П р и м е р 8. Условия проведения эксперимента такие же, как в вышеуказанном примере. Состав среды, %: молочная сыворотка 56,0; (NH₄)₂SO₄ 0,3; КН₂РО₄ 0,3; MgSO₄ 0,1; FeSO₄ 0,001; ZnSO₄ 0,0001; дрожжевой экстракт 0,1. рН среды 4,7. Глюкоза в количестве 45 г вносилась через 26 и 51 ч и 90 г через 45 ч.
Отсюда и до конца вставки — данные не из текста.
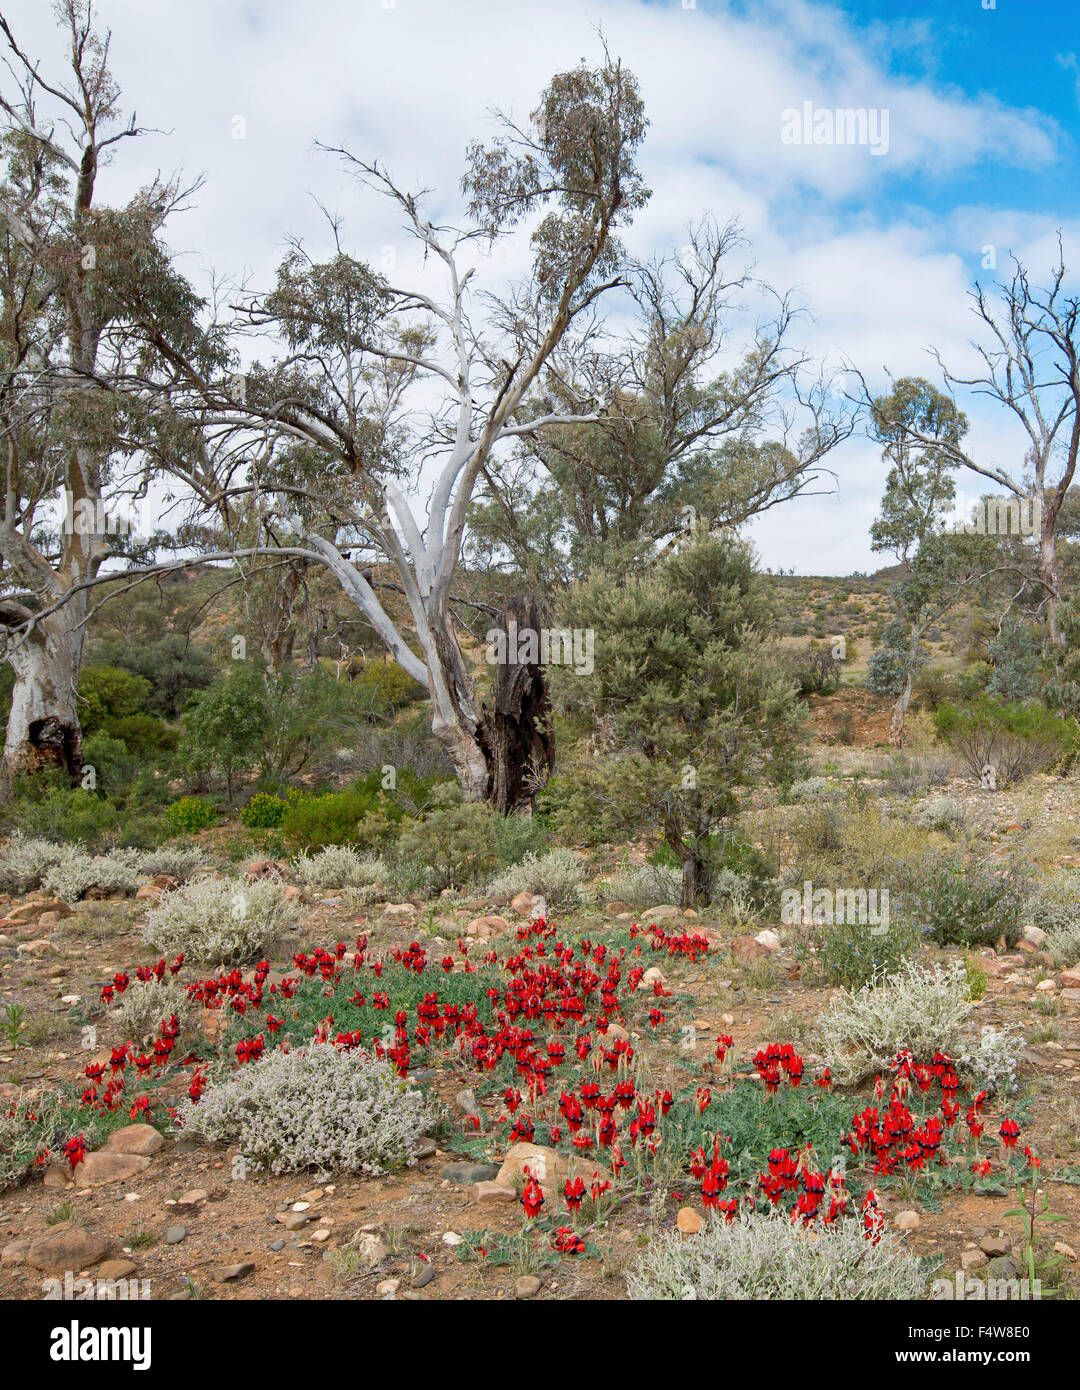 Colourful landscape in outback Australia with carpet of red flowers of Sturt's desert pea, Swainsona formosa & gum trees under blue sky Stock Photo

Изменение концентраций глюкозы во время ферментации наблюдалось в пределах 1,2-2,1%. Хлористый аммоний был внесен в количестве 2,5 г через 26 ч и по 1,25 г через 40 и 61 ч. Этанол в количестве 180 мл добавили через 56 ч. Через 66 ч количество биомассы составило 60 г при влажности 82% с содержанием убихинона-10 в биомассе 9,4 мг в 1 л культуральной жидкости, что в 2,34 раза больше, чем в прототипе.

Формула изобретения

СПОСОБ ПОЛУЧЕНИЯ УБИХИНОНА - 10, предусматривающий культивирование продуцирующего микроорганизма-штамма дрожжей Cryptococcus curvatus ВКМ 2230 в аэробных условиях в присутствии источника углерода, минеральных источников азота, фосфора, глюкозы, дрожжевого экстракта, этанола, отличающийся тем, что, с целью повышения выхода биомассы, увеличения содержания убихинона и удешевления среды, в качестве источника углерода используют молочную сыворотку, глюкозу вводят в процессе культивирования, поддерживая ее концентрацию от 1,2 до 2,6 мас.% и дополнительно сульфат или хлорид аммония в концентрации от 0,05 до 0,3 мас.%, а этанол вносят за 10 - 25 ч до окончания культивирования в концентрации от 3 до 5 мас.%.